Effect of Hot Dip Galvanized Steel Surface Chemistry and Morphology on Titanium Hexafluoride Pretreatment ()
1. Introduction
Hot dip galvanized (HDG) zinc coatings are known for good formability and high corrosion resistance. HDG steel is coated in a continuous color coating line in order to improve the corrosion protection of the final product, provide desired functionality and for aesthetical reasons. Color coated HDG steel has wide range of applications from household appliances to construction industry. The various applications set different demands for the performance of the coated steel products. The degradation reactions (due to physical, chemical or biological degradation, oxidation or photo-oxidation) of polymer coatings are fairly well known [1] , and polymer matrixes can be tailored according to the requirements of the end use environment. The corrosion properties of color coated steel are regulated by incorporating corrosion inhibitors into the coatings. The performance of different inhibitors has also been widely studied and the non toxic inhibitors have now mostly replaced the chromates [2] [3] [4] [5] .
Coating adhesion on pretreated HDG surfaces depends mainly on physical bonds (dispersive and electrostatic forces) and chemical bonds (covalent, ionic, hydrogen and polar) [6] . In order to improve metal/coating adhesion, zinc coated steel is pretreated before color coating. Although the pretreatment layers are significantly thinner than the organic coatings, they are of crucial importance for the coating adhesion as well as for the corrosion resistance [7] [8] [9] [10] [11] . The corrosion resistance is strongly affected by the electrolytic environment that prevails at the metal/polymer interface [12] [13] . The term “barrier effect” is often used to describe the overall performance of the Cr-free pretreatments, indicating that the modern Cr-free pretreatments lack the active corrosion resistance typical for chromates. Pretreatment solutions based on titanium or zirconium hexafluorides are widely used in the color coating industry for hot dip galvanized steel. The uniformity of a titanium hexafluoride pretreatment layer on the HDG surface has been shown to correlate with the humidity resistance of coated panels [14] .

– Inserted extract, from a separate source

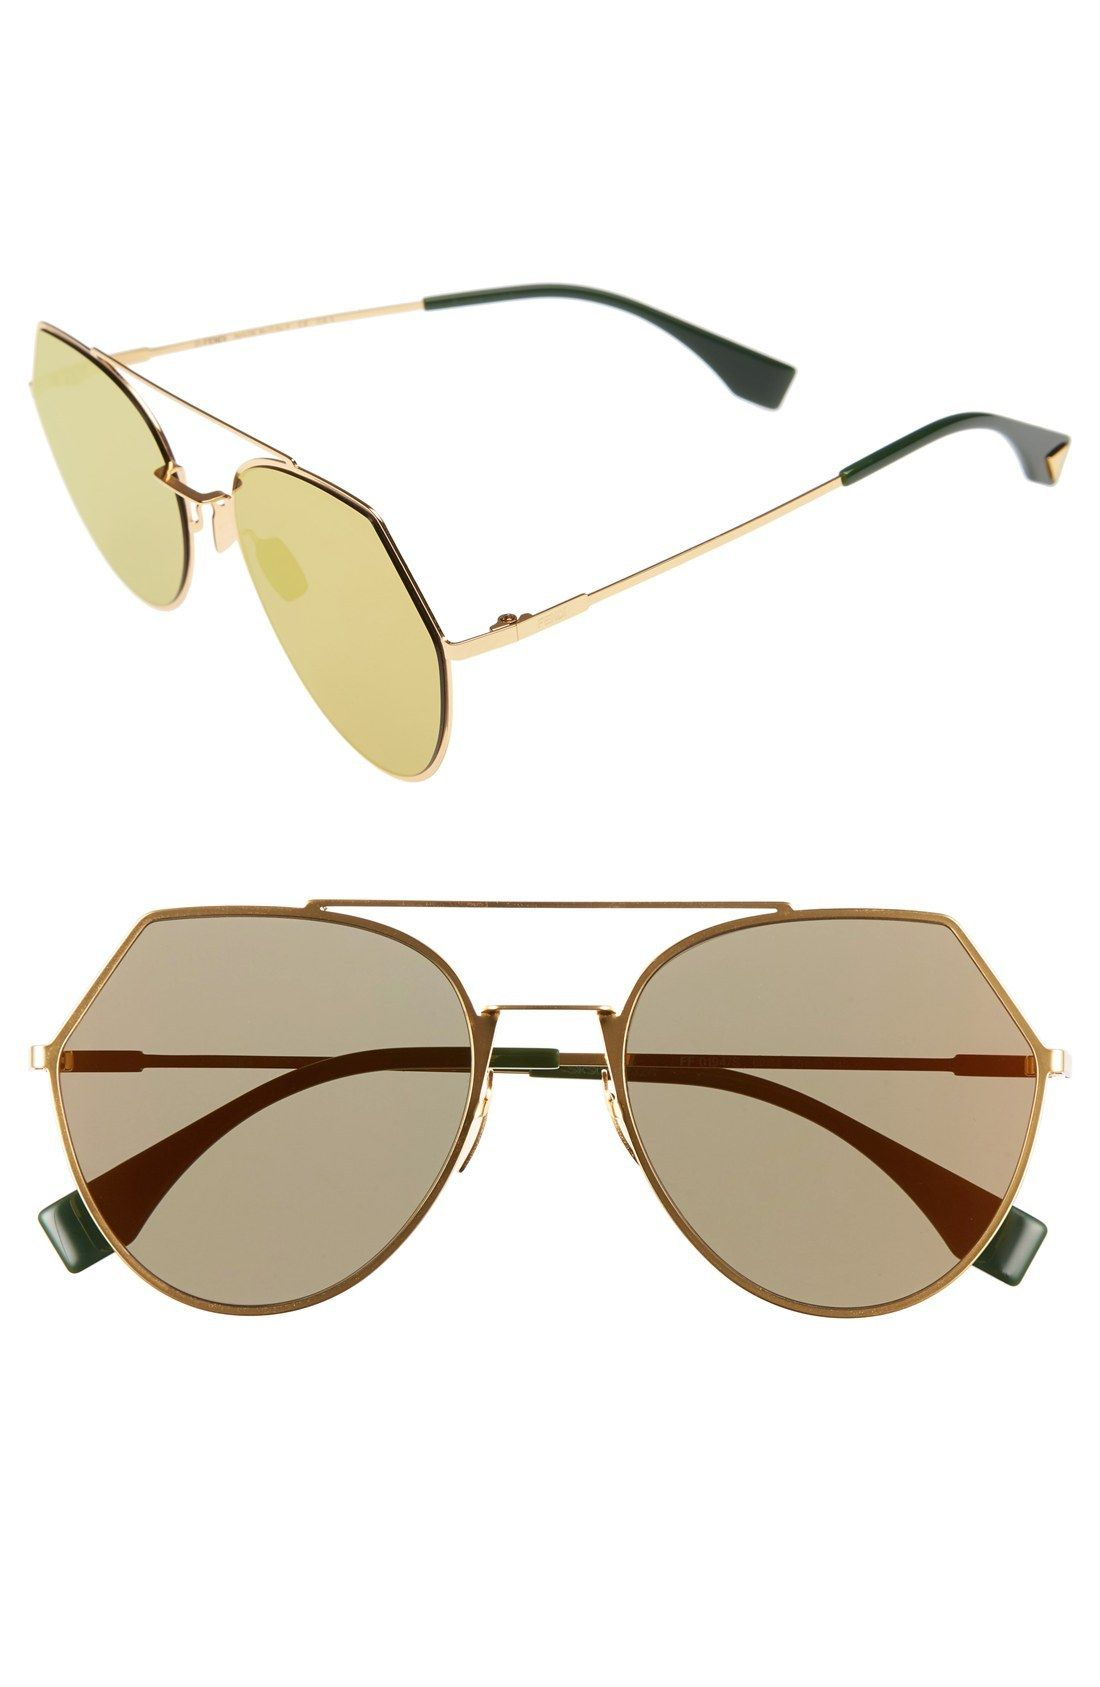 532538f2509 FENDI Ff 0194 3Yg Light Gold Eyeline Aviator Sunglasses

It remains a challenge to achieve the functional performance of chromate pretreatments with Cr-free pretreatments, which increases the importance of better understanding of the molecular level interactions between the metal coating applied by hot dip galvanizing and the Cr-free pretreatments [15] . The effect of surface chemistry of zinc coatings to the performance of thin passivation and pretreatment layers has been to some extent discussed in earlier studies [7] [15] [16] . The surface topography and its effect on coating adhesion have also been addressed, but the studies have mostly concentrated on the effect of temper rolling [6] .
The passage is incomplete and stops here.